▸ **Task instructions**:
Word for word, reproduce the listing that follows, excluding any pictures it contains.

▸ **Supplied information**:
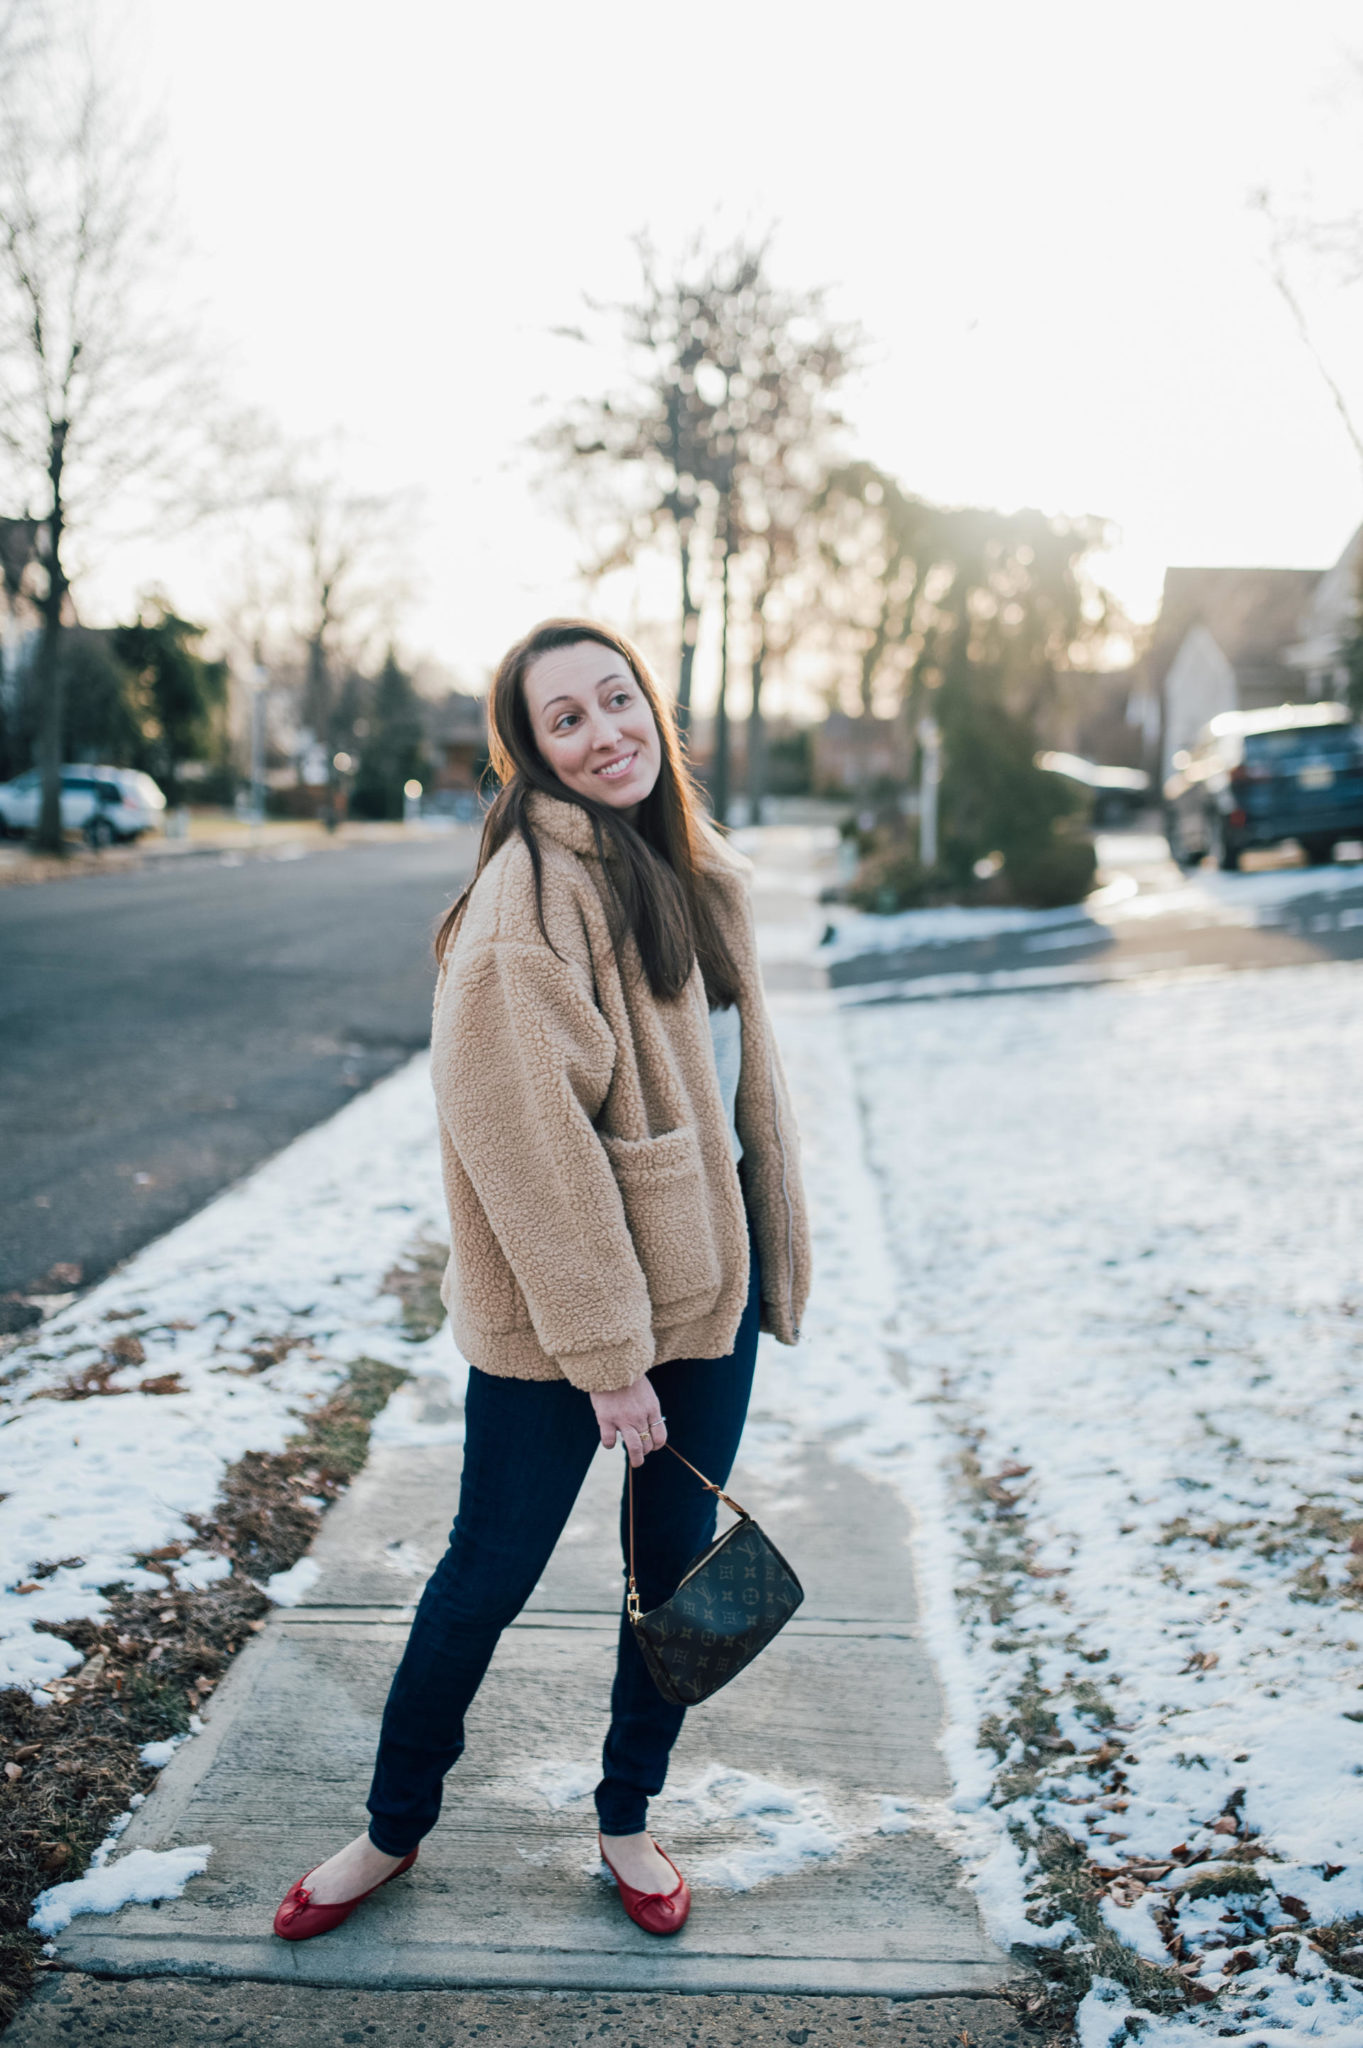 Valentines Day outfit by popular New Jersey fashion blogger What's For Dinner Esq.
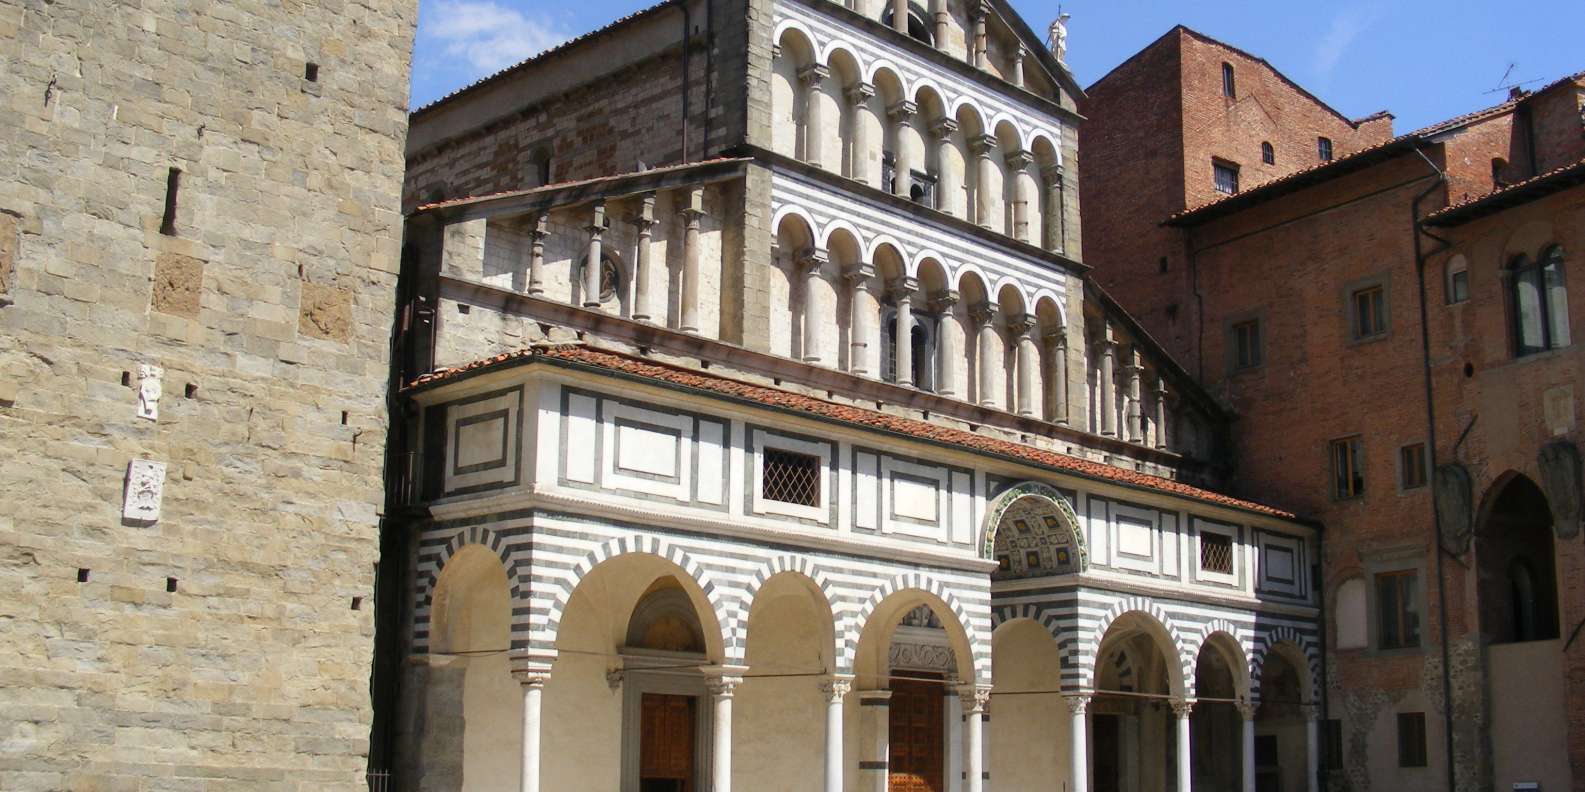 What to do in Pistoia
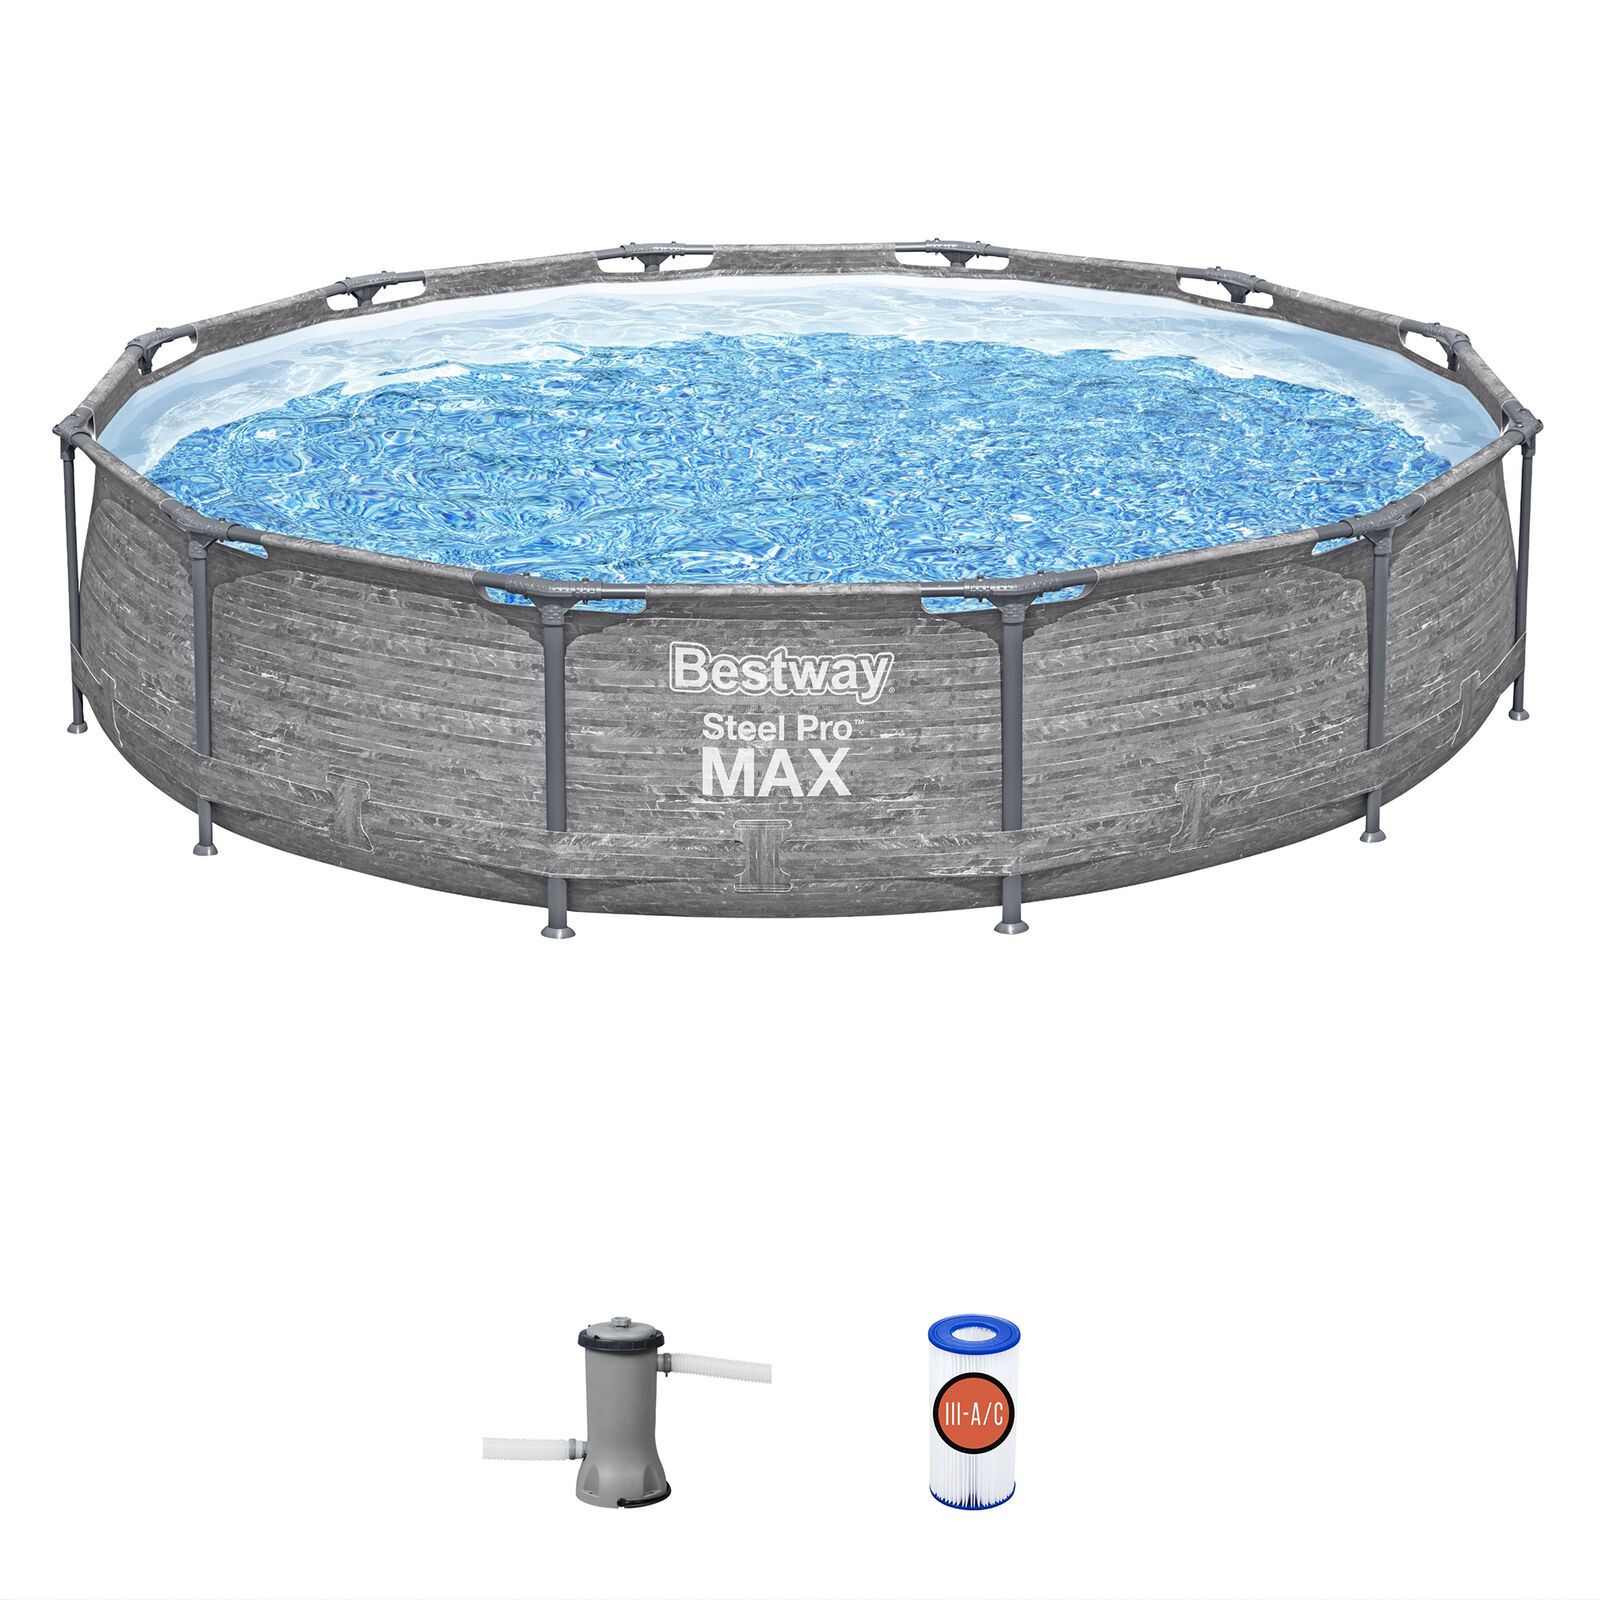 Bestway Steel Pro MAX 12' x 30" Above Ground Outdoor Swimming Pool Set Gray

▸ **Reply**:
 Valentines Day outfit by popular New Jersey fashion blogger What's For Dinner Esq.
 What to do in Pistoia
 Bestway Steel Pro MAX 12' x 30" Above Ground Outdoor Swimming Pool Set Gray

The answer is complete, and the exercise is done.